Fit-classifier-sklearn parameter

devonorourke · October 31, 2018, 2:06pm

This is really just a follow up to a post that @BenKaehler already addressed in an earlier question. I'm interested in comparing the taxonomy assignments between the blast, vsearch, and some other classifier that I'd like to build with QIIME's fit-classifier-sklearn plugin. I'm using a COI database that I've filtered myself - it's working great for the vsearch and blast tools so far.
The fit-classifier-sklearn documentation mentions a few options:

Options:
  --i-reference-reads ARTIFACT PATH FeatureData[Sequence]
                                  [required]
  --i-reference-taxonomy ARTIFACT PATH FeatureData[Taxonomy]
                                  [required]
  --p-classifier-specification TEXT
                                  [required]
  --i-class-weight ARTIFACT PATH FeatureTable[RelativeFrequency]
                                  [optional]
  --o-classifier ARTIFACT PATH TaxonomicClassifier

It's clear to me what to enter with --i-reference-reads and --i-reference-taxonomy. It's not clear to me how to:

Generate the text for --p-classifier-specification. In Ben's example, is this the entirety of the text he shared? I would guess that it's simply the print statement following the last line in his embedded code (everything after):

In [15]: print(classifier_specification)

I'm still unclear what to do with the --i-class-weight and --o-classifier terms too. Appreciate any input on what to enter there.

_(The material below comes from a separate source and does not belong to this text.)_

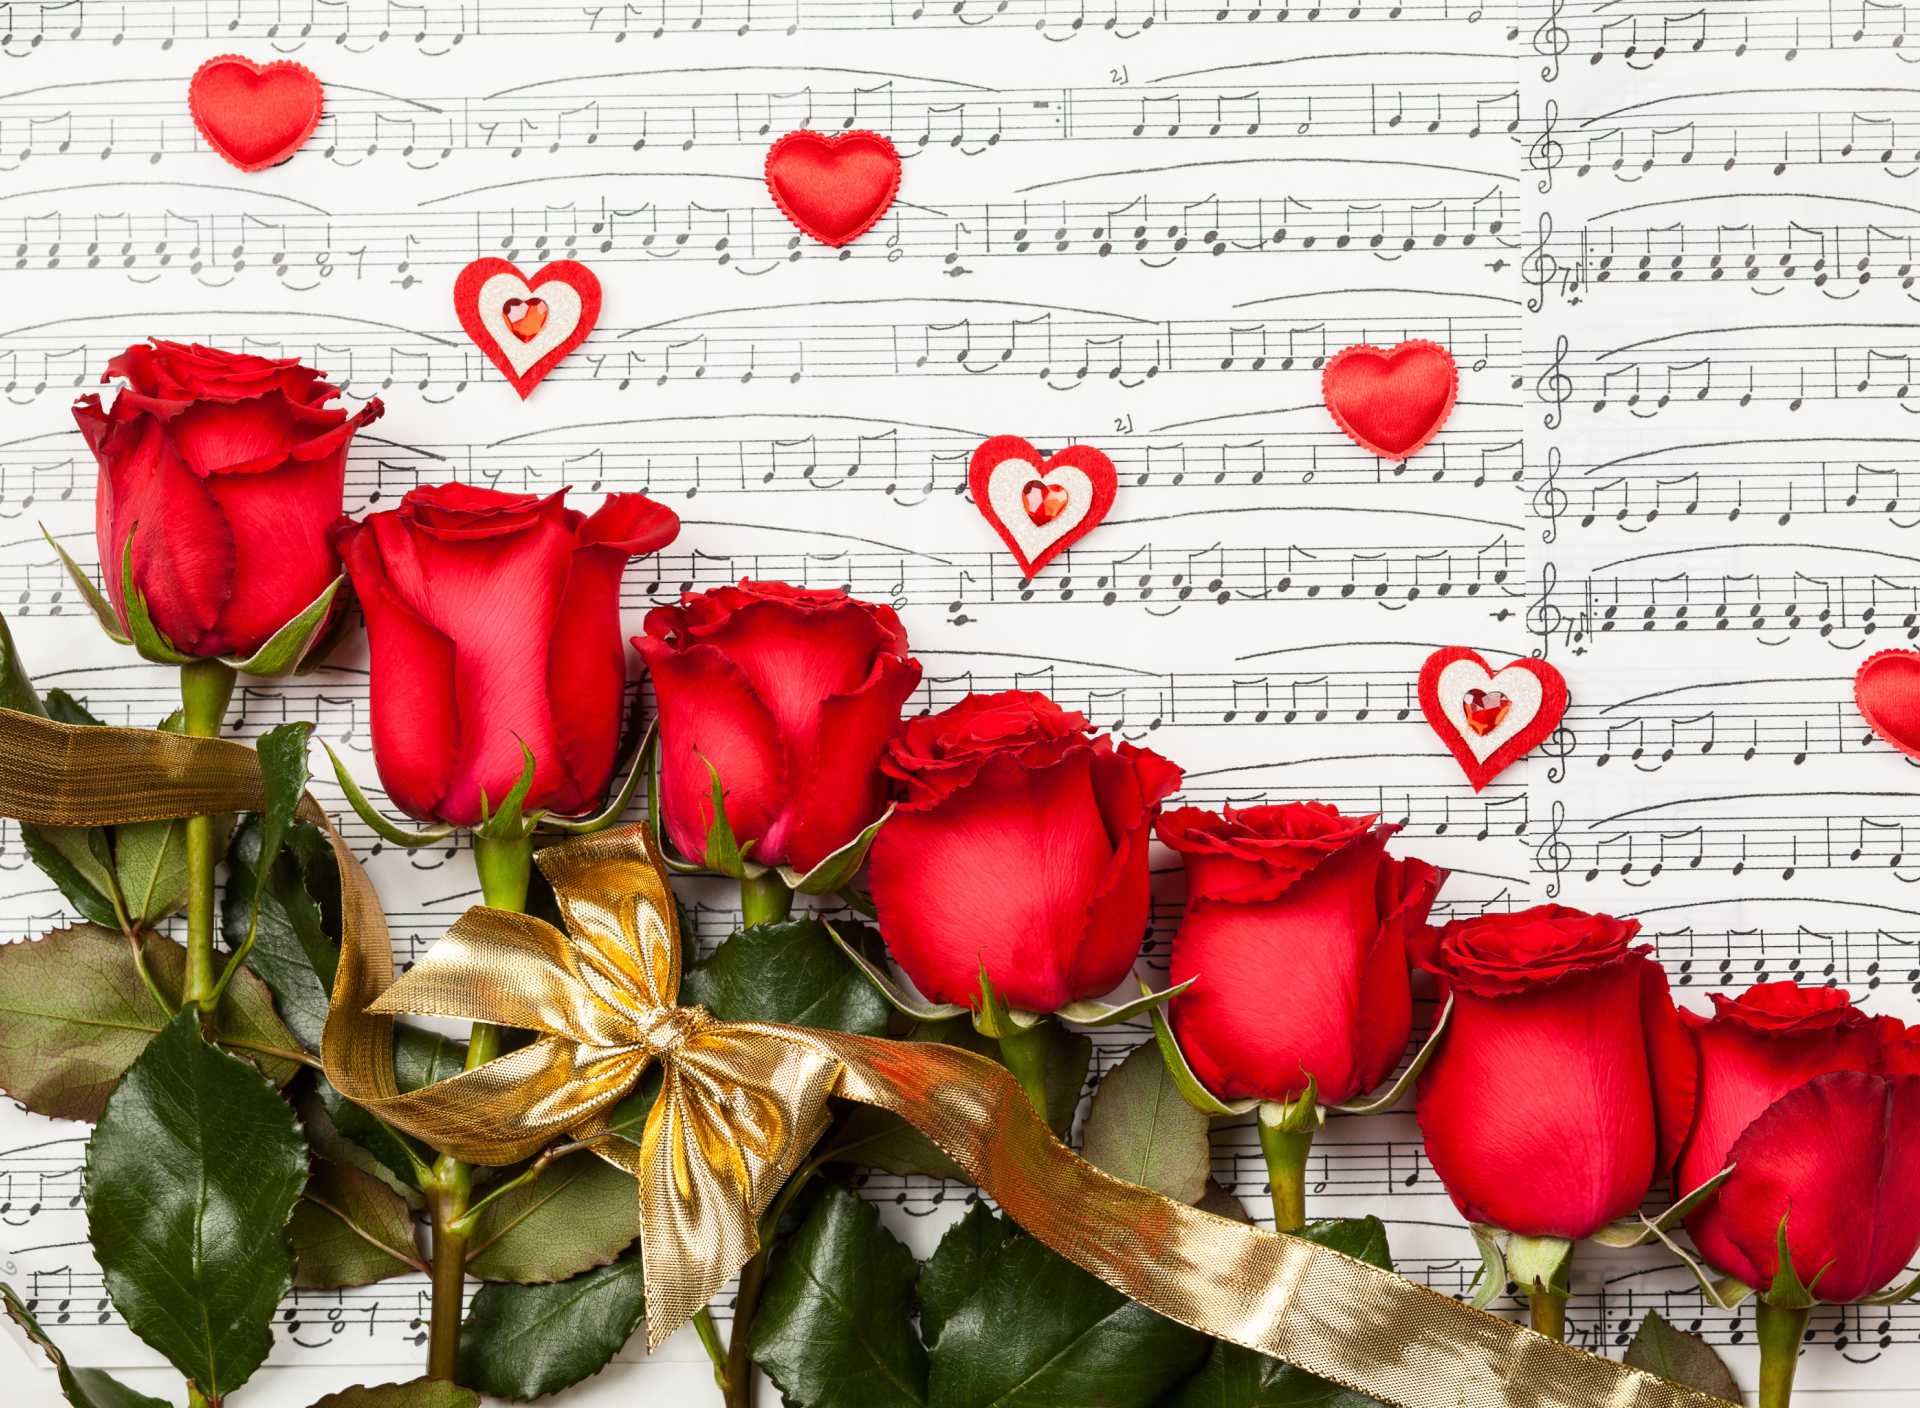 Roses, Love And Music wallpaper 1920x1408

For anyone who routinely uses scikit-learn programs, I'm sure this site has everything you need. As someone who has never used this program, I was wondering if those power users can point to some specific documentation within that site to get my novice feet wet. Just start at chapter 1?

Thanks!

Nicholas_Bokulich · October 31, 2018, 8:34pm

I would recommend just using fit-classifier-naive-bayes — the specification is already set for that method, so you can start using that classifier immediately on your data.

Yep, that's the correct resource. There is no way to "get your feet wet" with specification of a new classifier — you really need to have a good deal of familiarity with the particular estimator to know what is pertinent and get this working. Starting with chapter 1 and reading on through will give you a pretty good idea of where to start.

Hence the lack of documentation — that particular method is sort of exposed for development purposes, but we don't have good guidelines for users. For everyone else, there's fit-classifier-naive-bayes.

I hope that helps!

BenKaehler · November 1, 2018, 8:14pm

In addition to @Nicholas_Bokulich's excellent reply, in answer to your questions regarding --o-classifier and --i-class-weight, the q2-feature-classifier and q2-clawback tutorials may be useful if you are training your own classifiers. The latter explains what --i-class-weight is for, but it is probably of academic interest only if you're just getting started building data sets for a custom reference data set.

system · December 3, 2018, 2:14am

This topic was automatically closed 31 days after the last reply. New replies are no longer allowed.